Relativamente às consequências da divulgação das mesmas, é de referir a disseminação da violência, preconceito, falsas acusações, influência política, problemas económicos (em particular na bolsa de valores e no mercado financeiro, podendo a sua divulgação conduzir, em situações limite, ao crime de manipulação de mercado). Sem esquecer que uma notícia divulgada na internet poderá atingir proporções irreais, sendo compartilhada milhares, senão milhões de vezes, e tendo potencial para chegar a todos os pontos do globo.
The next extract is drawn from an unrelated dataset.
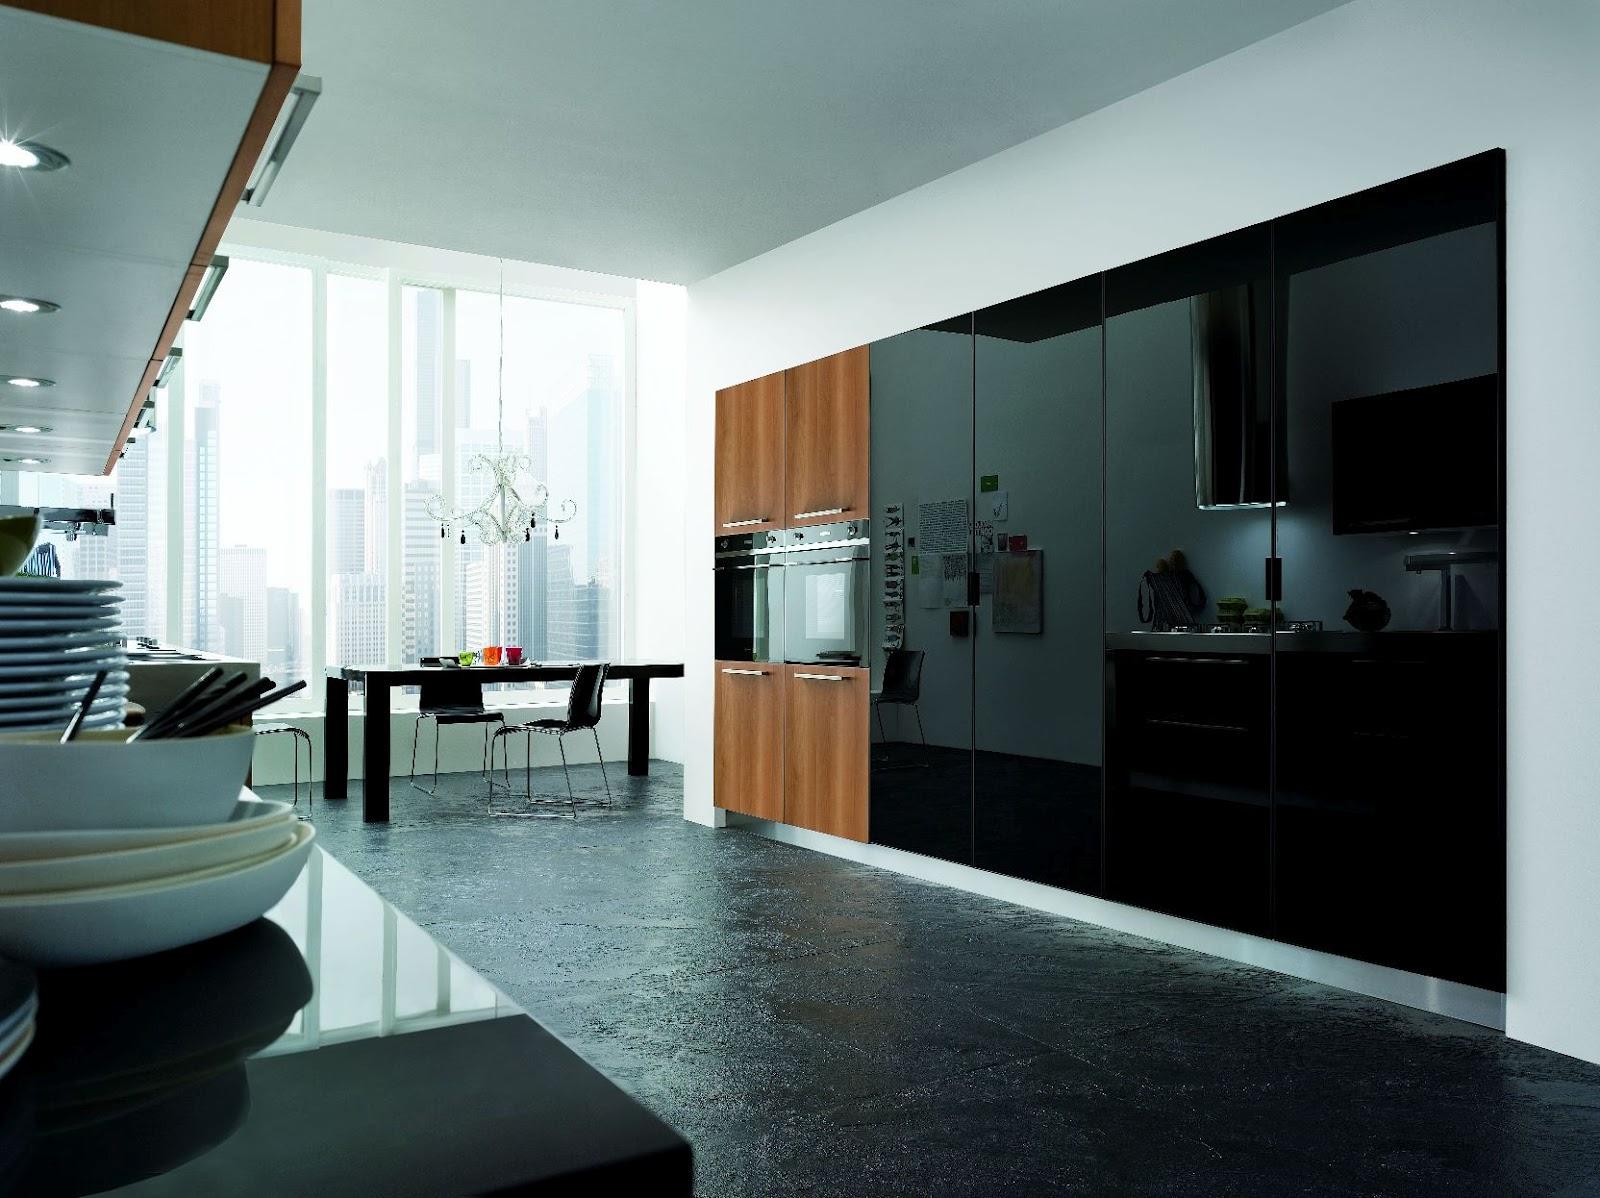 cuisine en verre noir et bois. Black Bedroom Furniture Sets. Home Design Ideas

Contudo, é de salientar que apesar dos muitos problemas associados às fake news, o direito à liberdade de expressão e de imprensa deve ser integralmente protegido, sob pena de ignorarmos os ensinamentos do Tribunal Europeu dos Direitos do Homem, que nos últimos anos tem construído uma jurisprudência muito consistente no sentido de proteger ao máximo esses mesmos direitos.


Deste modo, torna-se necessário um esforço coletivo na análise de fontes, e, não obstante dever existir um direito à liberdade de expressão massificado, é crucial que antes de ser divulgada uma notícia, esta seja escrutinada. Claro está que esta exigência é difícil de cumprir no meio digital, em particular, nas redes sociais, uma vez que a sua verificação é feita a posteriori. Deste modo, cabe a cada um de nós saber distinguir uma notícia verdadeira de uma falsa (através da verificação da data da publicação, pesquisa na internet por informações semelhantes e o acesso a imprensa escrita que seja viável) e pensarmos duas vezes antes de partilharmos a mesma.


Deste modo, a questão que se coloca é como deve ser combatido este problema de forma eficaz? Será que deve ser criminalizado? Deve ser objeto de uma coima? Ou bastará a responsabilização civil de quem cria/divulga uma notícia falsa? Em Portugal não há legislação específica nesse sentido, existindo apenas a proteção do bom nome e reputação, os crimes contra a honra, difamação, entre outros. Todavia, qualquer que seja a solução a adotar, é crucial que o legislador tenha em conta os limites constitucionais, em particular, o princípio da proporcionalidade, de forma a não inviabilizar o direito à liberdade de expressão, direito esse particularmente protegido pelo TEDH.


Assim, deixamos a seguinte reflexão: Apenas 48% dos Portugueses consegue detectar uma notícia falsa, será que você é um deles?